Derrick Jasper

Personal information
- Born: April 13, 1988 (age 38) San Leandro, California, U.S.
- Listed height: 6 ft 6 in (1.98 m)
- Listed weight: 213 lb (97 kg)

Career information
- High school: Paso Robles (Paso Robles, California)
- College: Kentucky (2006–2008); UNLV (2009–2011);
- NBA draft: 2011: undrafted
- Position: Point guard
- Number: 5

Career highlights
- SEC All-Freshman Team (2007);

= Derrick Jasper =

American basketball player (born 1988)

Derrick Lamar Jasper (born April 13, 1988) is an American former basketball player from San Luis Obispo, California. He was listed as a point guard, but was considered versatile enough to also play the shooting guard and small forward positions. Jasper was selected to the SEC All-Freshman Team in 2007.

==Early life==
Jasper was ranked in the top 40 in many national recruiting rankings and was a consensus 4-star prospect. He was also the third-ranked point guard in the class of 2006 by Rivals.com, in addition to being ranked as the 25th overall recruit, in early 2005.

One of his top honors in AAU basketball was winning the MVP award at the Adidas Super 64 Tournament. Jasper played in summers for the Elite Basketball Organization (EBO) club, as he was teammates with Brook Lopez, Robin Lopez, and Quincy Pondexter. He attended Paso Robles High School, and was selected to the Cal-Hi Sports all-state team after leading the Bearcats to the CIF Southern Section Division 2A playoff semifinals.

After receiving offers from schools such as Memphis, Washington, and Illinois, he decided to play at the University of Kentucky, verbally committing in September 2005 and joining Jodie Meeks, Perry Stevenson and Michael Porter in comprising the Wildcats' 2006 recruiting class when he signed his National Letter of Intent in November.

== College career ==

=== Kentucky ===
As a freshman, Jasper was chosen to start as coach Tubby Smith's point guard. He ultimately started the final 27 games of the 2006–07 season. UK won its first 11 games with Jasper as a starter.

Over the summer, he had microfracture surgery performed on his left knee and missed the first 10 games of the 2007–08 season. When he returned to action, he was the Wildcats' sixth man until freshman star Patrick Patterson would sit the rest of the season with a stress fracture in his ankle. After Patterson's injury, Jasper would take his place in the lineup. His final game with Kentucky would be played in the first round of the 2008 NCAA Tournament vs. the Marquette Golden Eagles.

Jasper earned SEC Academic Honor Roll status in 2008.

=== UNLV ===
In May 2008, rumors circulated that Jasper was transferring from Kentucky to a school closer to his Paso Robles, California home. The schools that were named as his possible destinations were UNLV, California and UCLA. This proved to be true when he asked for his release from the team in June. Jasper said, "My transfer is no indication of my experience here; I like the direction they're headed in - it's just that I would like to attend a place closer to my home."

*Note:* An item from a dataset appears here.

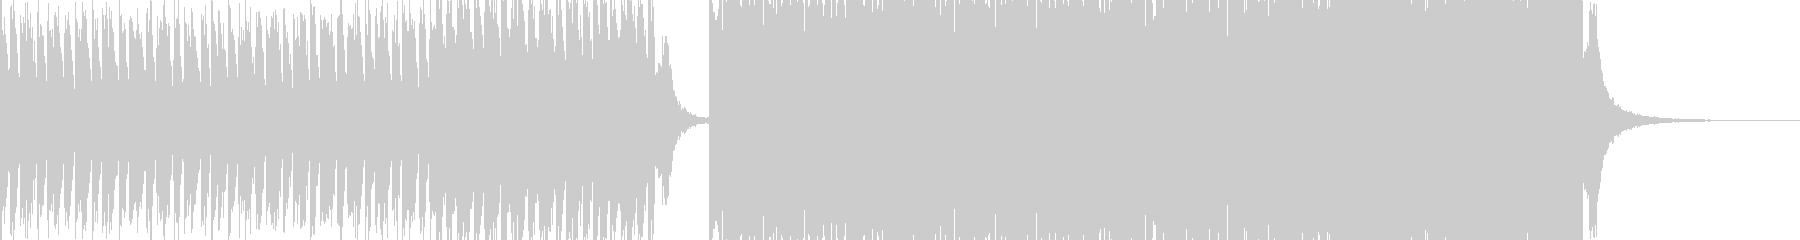 【EDM】ビッグフロア系、迫力なナンバーの未再生の波形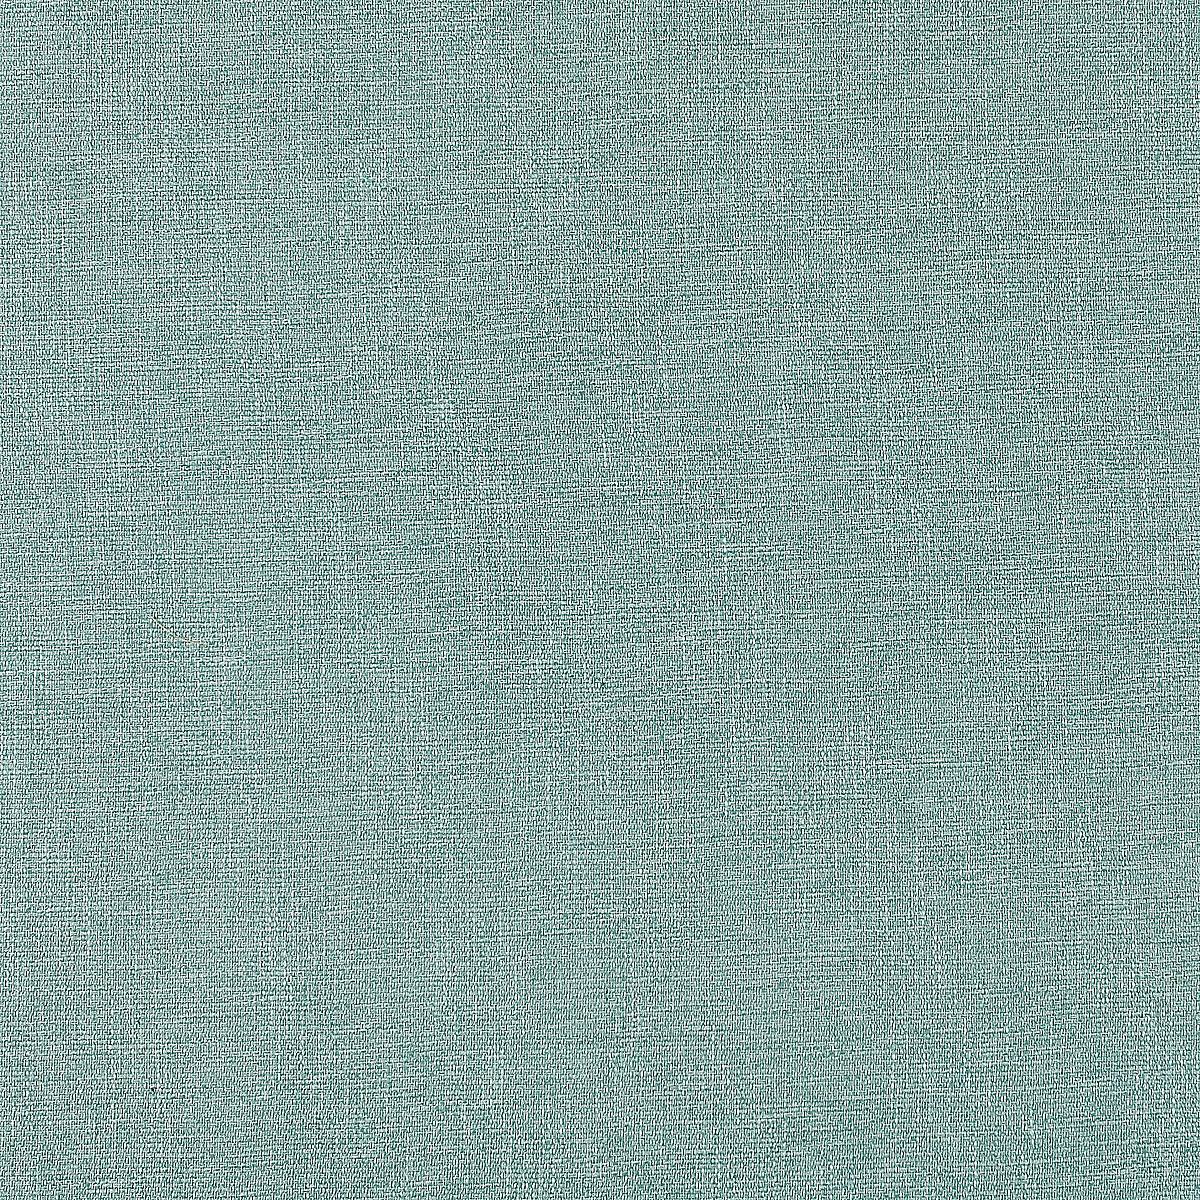 Suit-Up: Porch (fabric yardage)

Jasper transferred to UNLV to play for head coach Lon Kruger. He said he liked how he fit in with the team and how Kruger motivated his players. He sat out the 2008–09 season because of NCAA transfer rules.

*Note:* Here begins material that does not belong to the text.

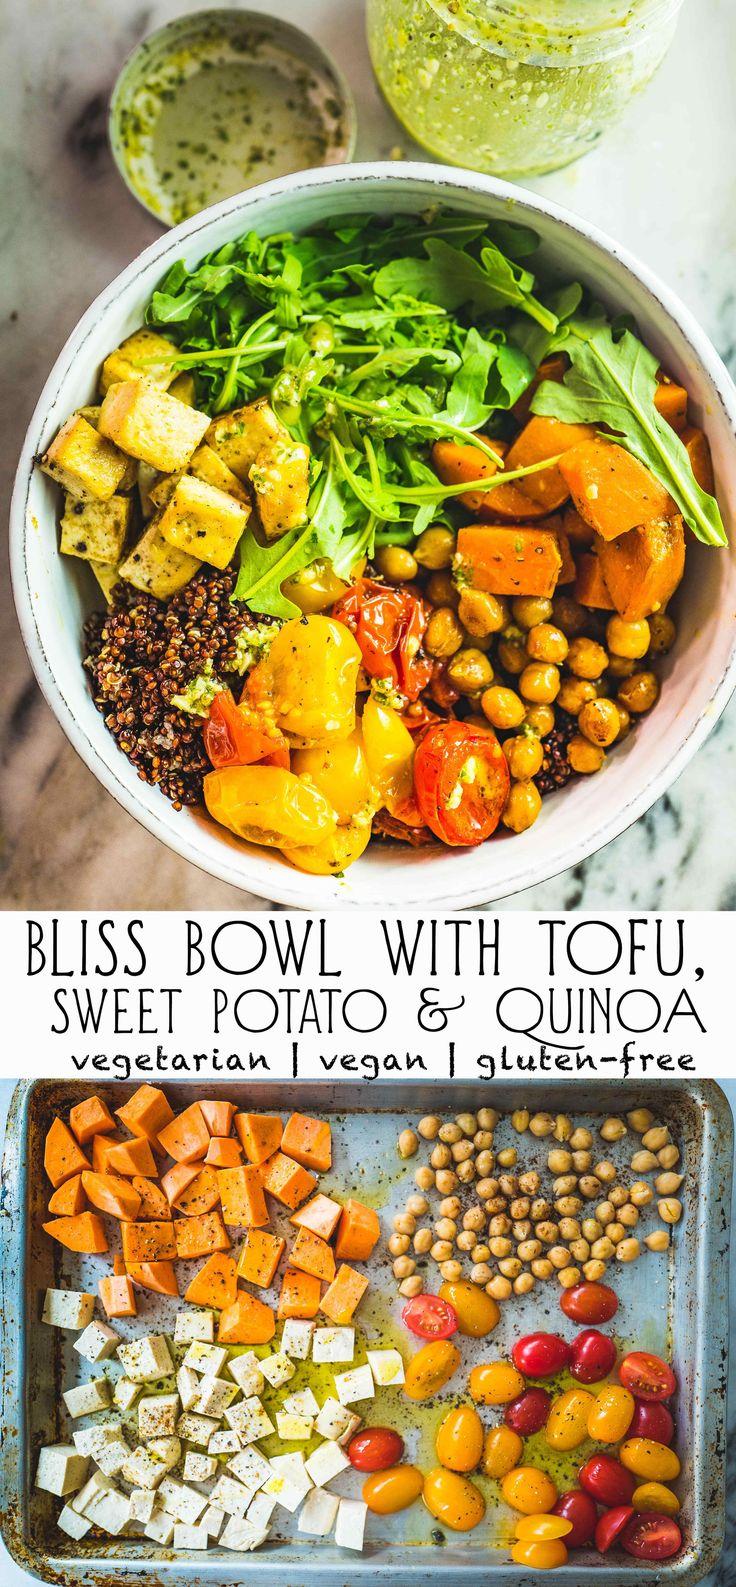 Bliss Bowl with Tofu, Sweet Potato, Quinoa & Cherry Tomatoes   Tiong Bahru Kitchen

In October 2009, Jasper was selected as the Preseason Mountain West Conference Newcomer of the Year. He then started at guard for the Runnin' Rebels, and notably led the team to wins against 16th-ranked Louisville and No. 15 New Mexico, and earned his first double-double in college in a win over Tulsa at the 76 Classic in Anaheim. Jasper sustained a sprained MCL to his left knee in 2010, however, sidelining him for five weeks.